Leave out the images and return all the data word for word.

***** Data block

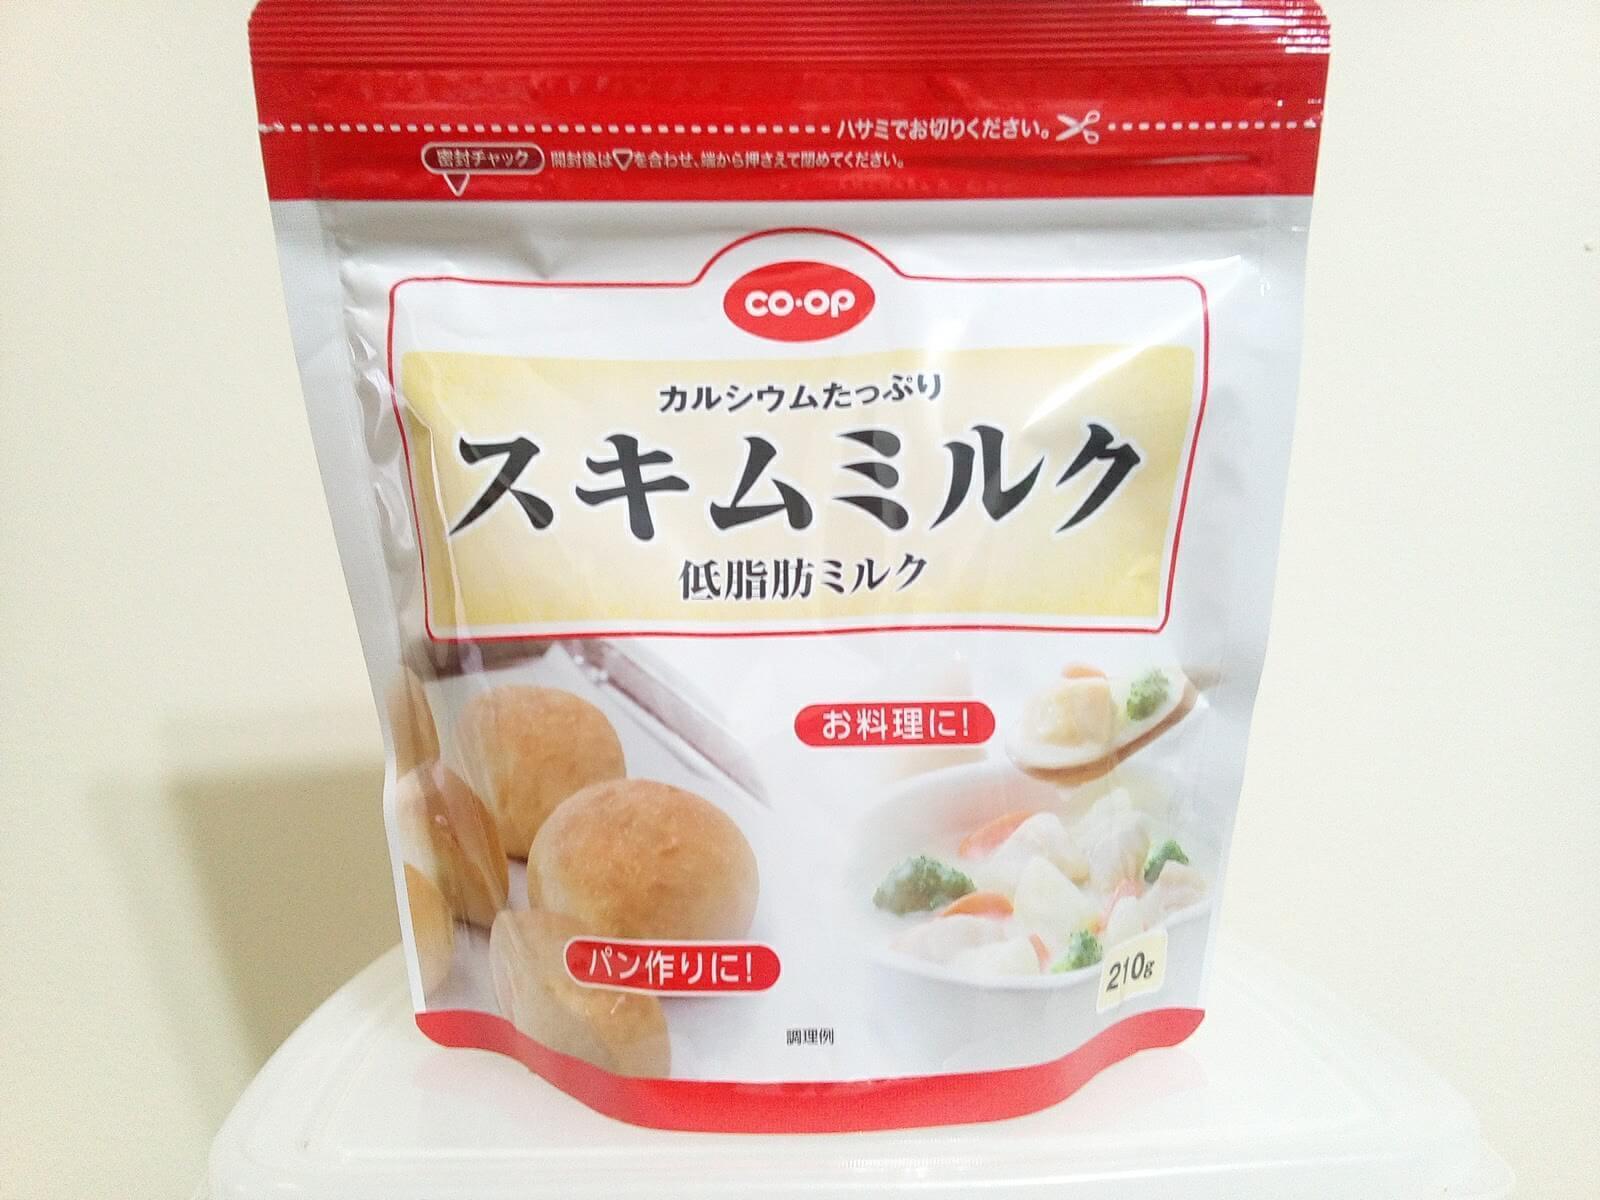 コープ スキムミルク 210g
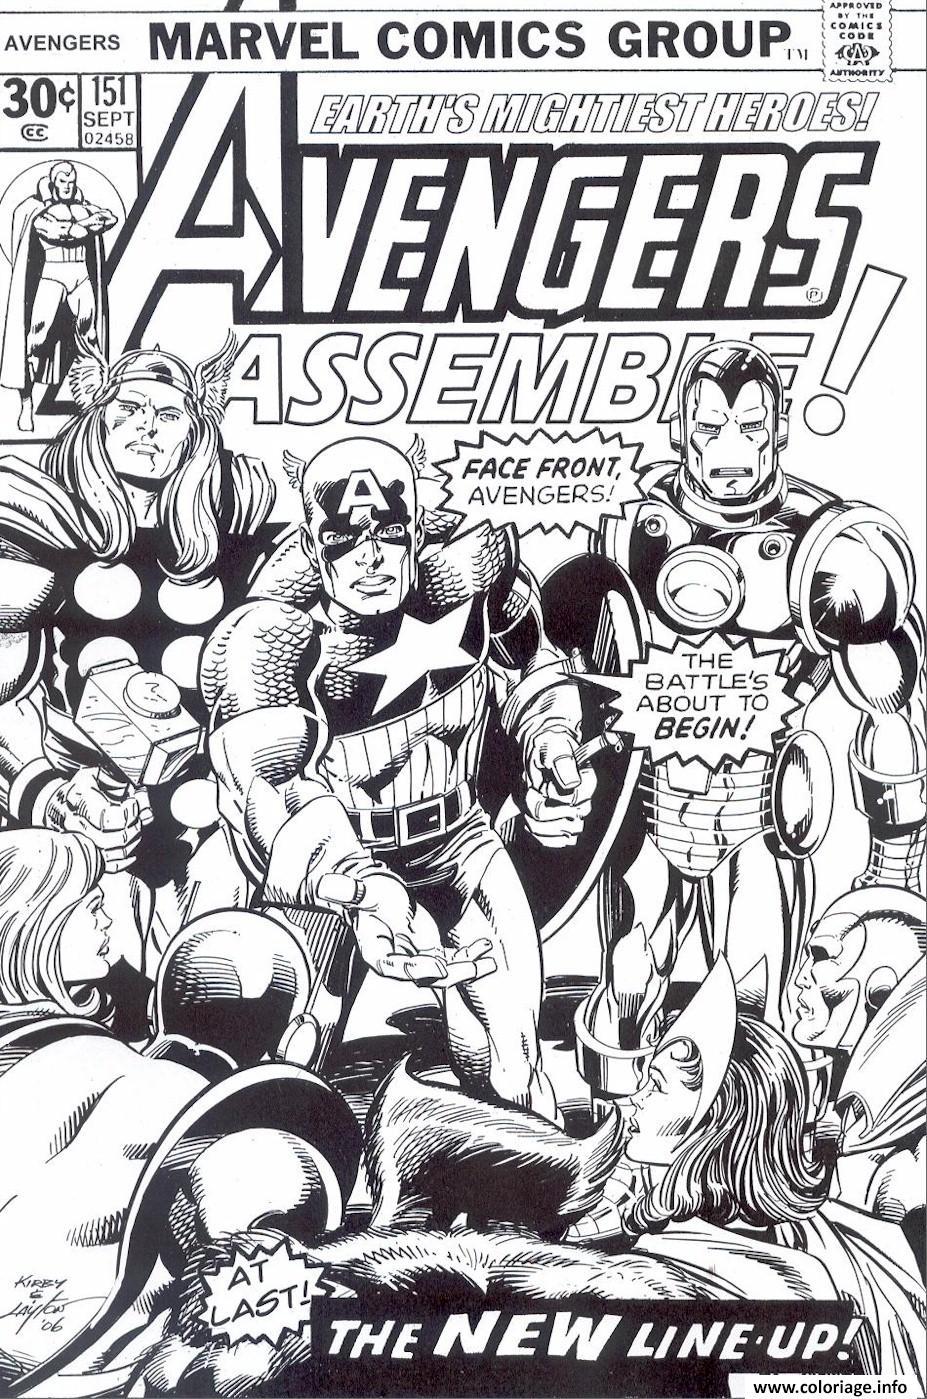 Coloriage avengers marvel comics cover - Comics dessin ...
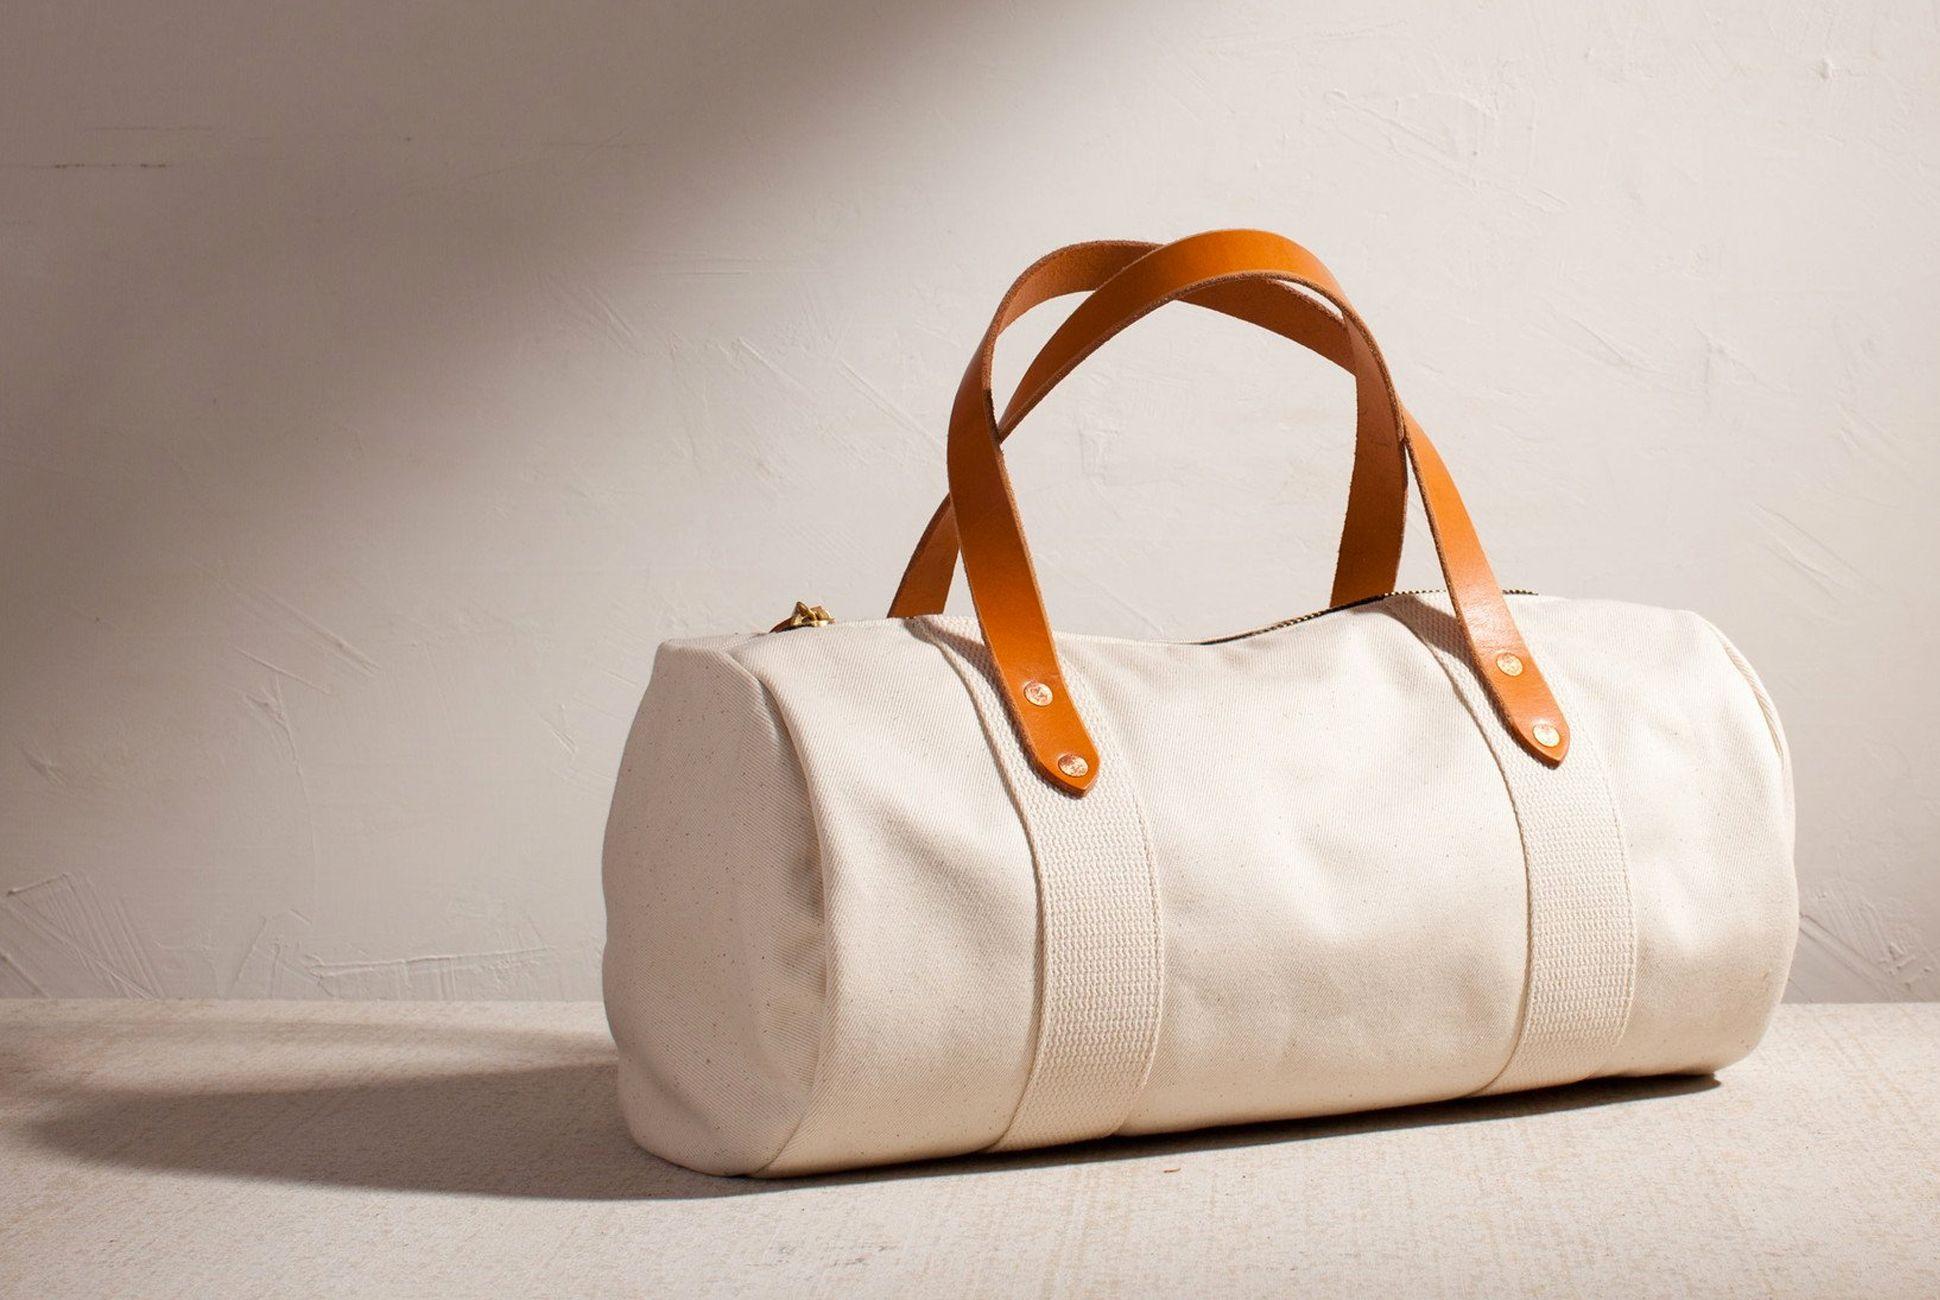 Men Canvas Handbag Travel Shoulder Bag Sport Duffle Luggage Tote Gym Bag Large
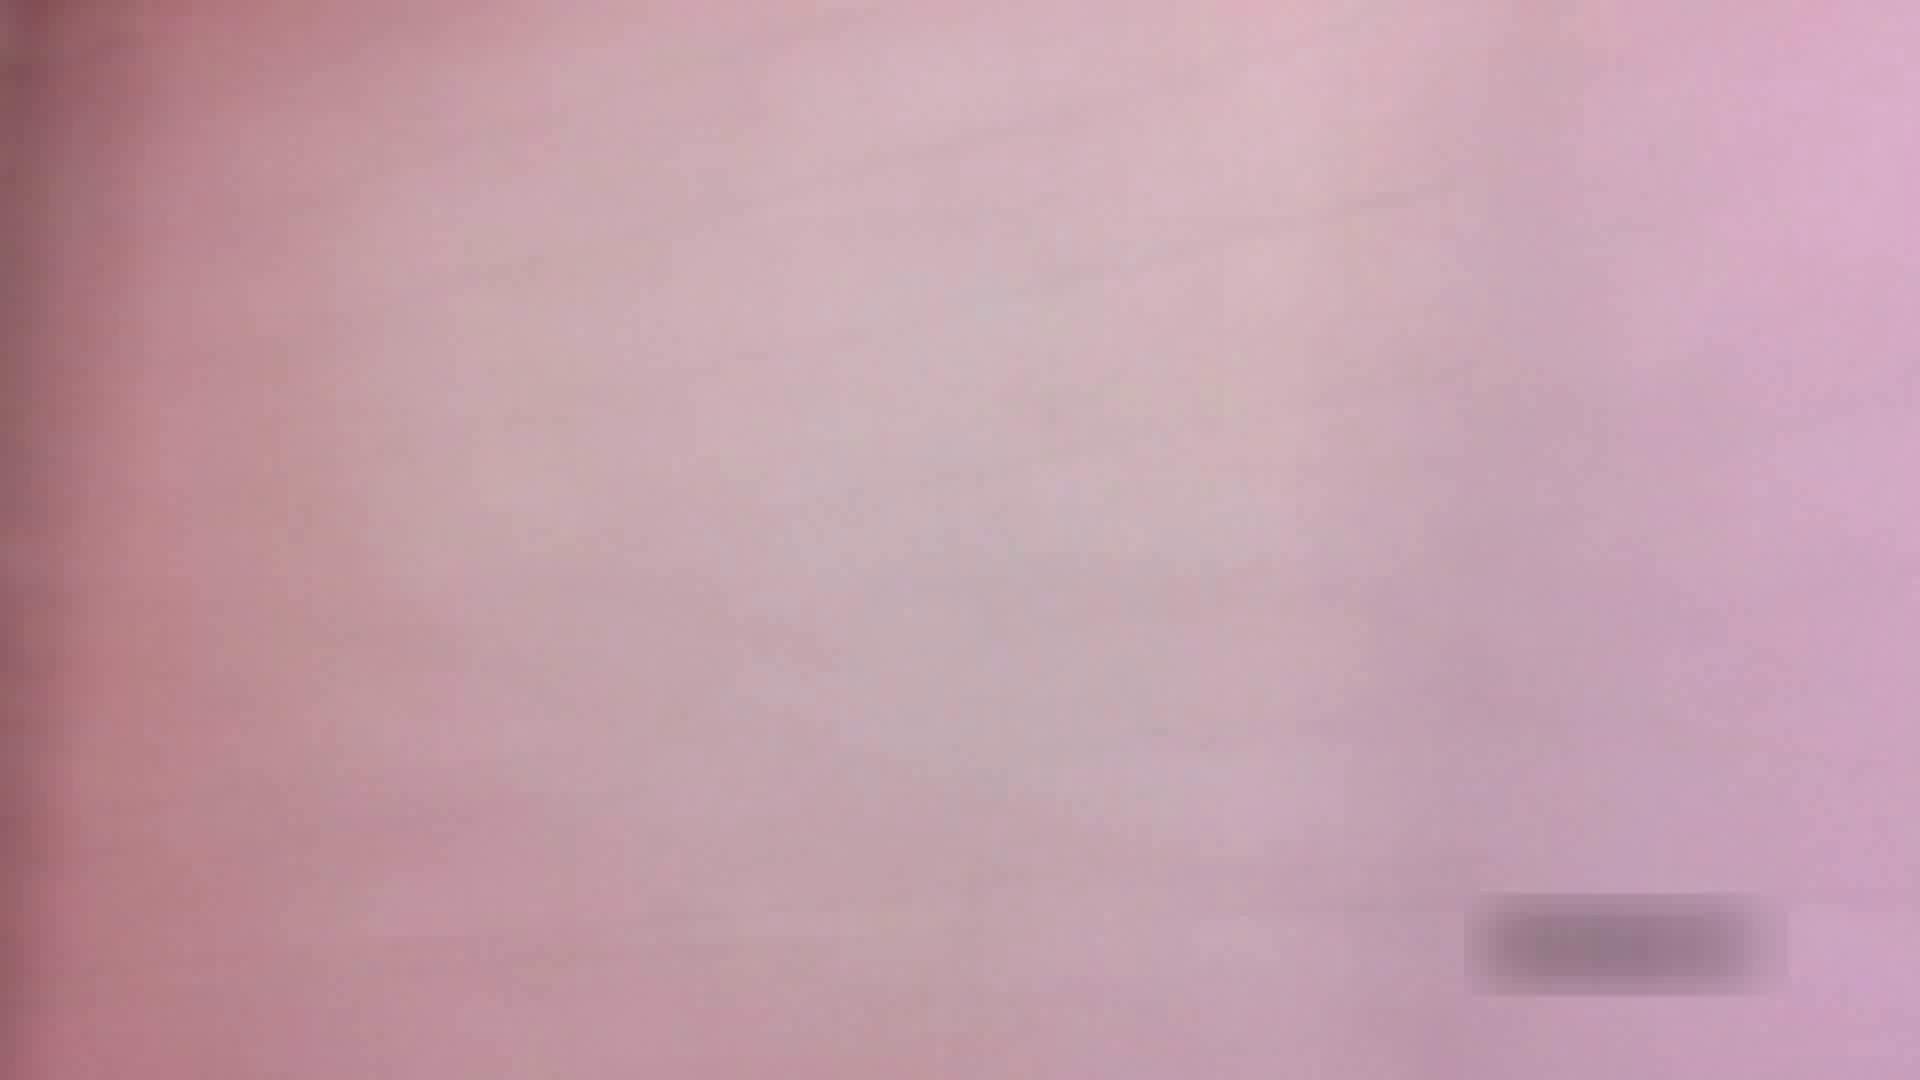 お姉さんの恥便所盗撮! Vol.16 便所 のぞき動画キャプチャ 58画像 24

**********

◆ The completed task
 コープ スキムミルク 210g
 Coloriage avengers marvel comics cover - Comics dessin ...
 Men Canvas Handbag Travel Shoulder Bag Sport Duffle Luggage Tote Gym Bag Large
 お姉さんの恥便所盗撮! Vol.16 便所 のぞき動画キャプチャ 58画像 24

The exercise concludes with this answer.